Amruta Malhotra has taught at Kiddies Nook Nursery for a decade and conducted interview training classes for the past eight years. After the birth of her second child Samaira, she quit teaching to devote herself to parenting, though she still manages to squeeze in interview training. She messages me as soon as she has put her children to sleep and promises exactly 10 minutes of her time. When I get there, her two-and-a-half-year-old toddler with curly golden-brown hair is standing beside her, wide awake. Amruta finds teaching easier than parenting. She talks about the pressures of parenthood and the difference between taking regular nursery classes and training toddlers for interviews.
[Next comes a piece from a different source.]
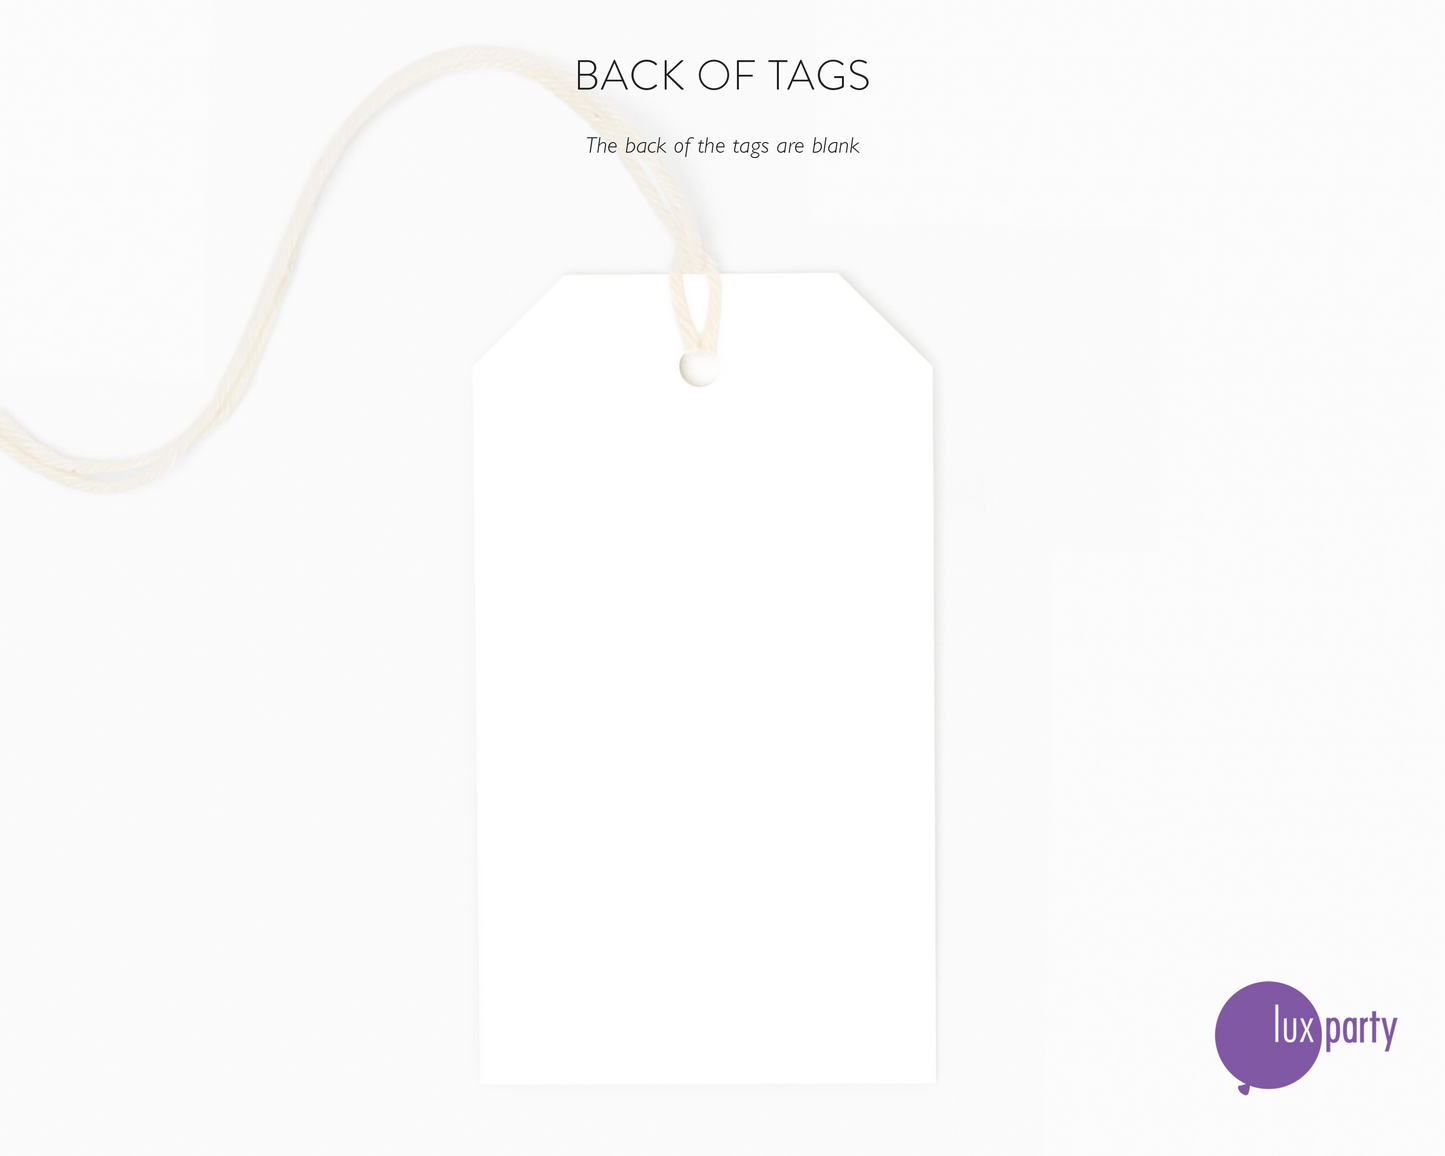 A blank white favor tag, with an off-white cotton string attached, showing that the back of the tag is blank. Lux Party logo.

“The concepts [taught] are similar to what they used to be—knowing your fruits and animals, etcetera. But today, at 3 to 3.5 years of age, children are expected to know which animals are herbivorous and carnivorous, where they live, what they eat, and what their young ones are called. They are expected to know different types of fruits, how many seeds they have, what is edible and non-edible. How much information can those small brains retain and spit out in a 30-minute interview?” she asks.

“My daughter,” continues Amruta, “is two-and-a-half years old, and every child from her nursery attends classes every single day of the week. Eventually, I am sure I will be forced to do the same. It has been my bread and butter for eight years, but I think interviews for children should be scrapped.” In spite of her opposition to the process, she will not apply to IB or state-run schools for her children. “Schools should be in the vicinity and these ICSE schools are in ours.”
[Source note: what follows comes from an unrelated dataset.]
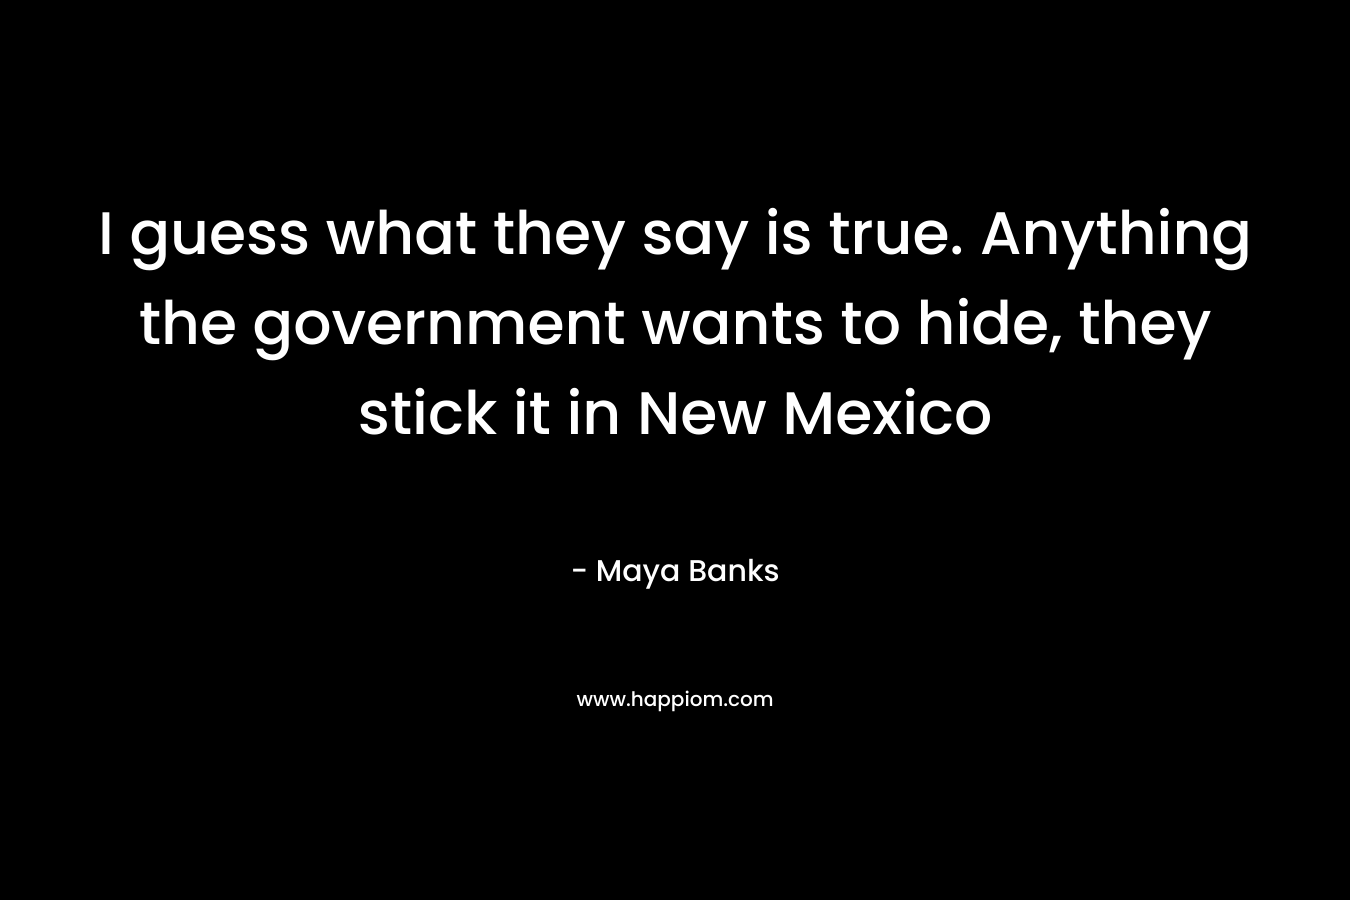 I guess what they say is true. Anything the government wants to hide, they stick it in New Mexico

Most parents, caught between their instincts and anxieties, are ambivalent about how much academic pressure their toddlers should be made to bear. Many send them to franchises of foreign nurseries that employ the concept of Montessori education, a method crafted in the West that places pre-school emphasis on a practical and playful environment for kids to learn. Various other playschools also attract parents by saying they merely guide toddlers, letting them largely follow their fancies and learn what interests them. This works well for these pre-schoolers, but the same parents often turn anxious about admission to ‘big school’ and swing to the other end, opting for a retrograde system of rigorous interview training classes. This sudden shift can confuse a child.
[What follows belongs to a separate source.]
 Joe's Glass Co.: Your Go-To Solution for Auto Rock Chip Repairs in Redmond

Renee Motwani, who is three years and four months old, studies at Headstart nursery. She recently shifted from the easygoing nursery to the more tightly structured LKG section with her mother Tripti Motwani’s consent. Renee is an introvert and among the youngest of the lot. So it is deemed necessary for her to get accustomed to new faces. Tripti has been sending her daughter to an hour-long interview training class twice a week since she was two-and-a-half years old. “Children aren’t taught in nurseries the things they are expected to know at their interviews,” she explains, “There are so many concepts they are expected to know that they actually learn [only] during high school. But that’s not the only reason that parents send them for classes. I know of parents who are working or too busy to care, and with drivers and maids at their disposal. In Mumbai’s fast-paced life, it’s a way to keep children occupied.”

Interview training classes do not guarantee a seat in the desired school, but, on anecdotal evidence, they do have a high success rate. “In our group, all the mothers except one had sent their children for different classes,” says Jumana, “That one mother also wanted to, but didn’t because her husband was against it. Today, only her child is studying in another school.” Stories like these do not help relieve parents of their admission anxiety.

I am on my way out of a ‘concept development’ class conducted in a small nursery in Colaba. Parents are in queue to pick up their children. A teacher turns a two-and-half-year-old boy over to his mother, who has this complaint to rattle off: “When he colours, everything goes haywire.” The teacher, with a hint of irritation, replies that the child has only just learnt to hold a pen—and that it takes a little patience.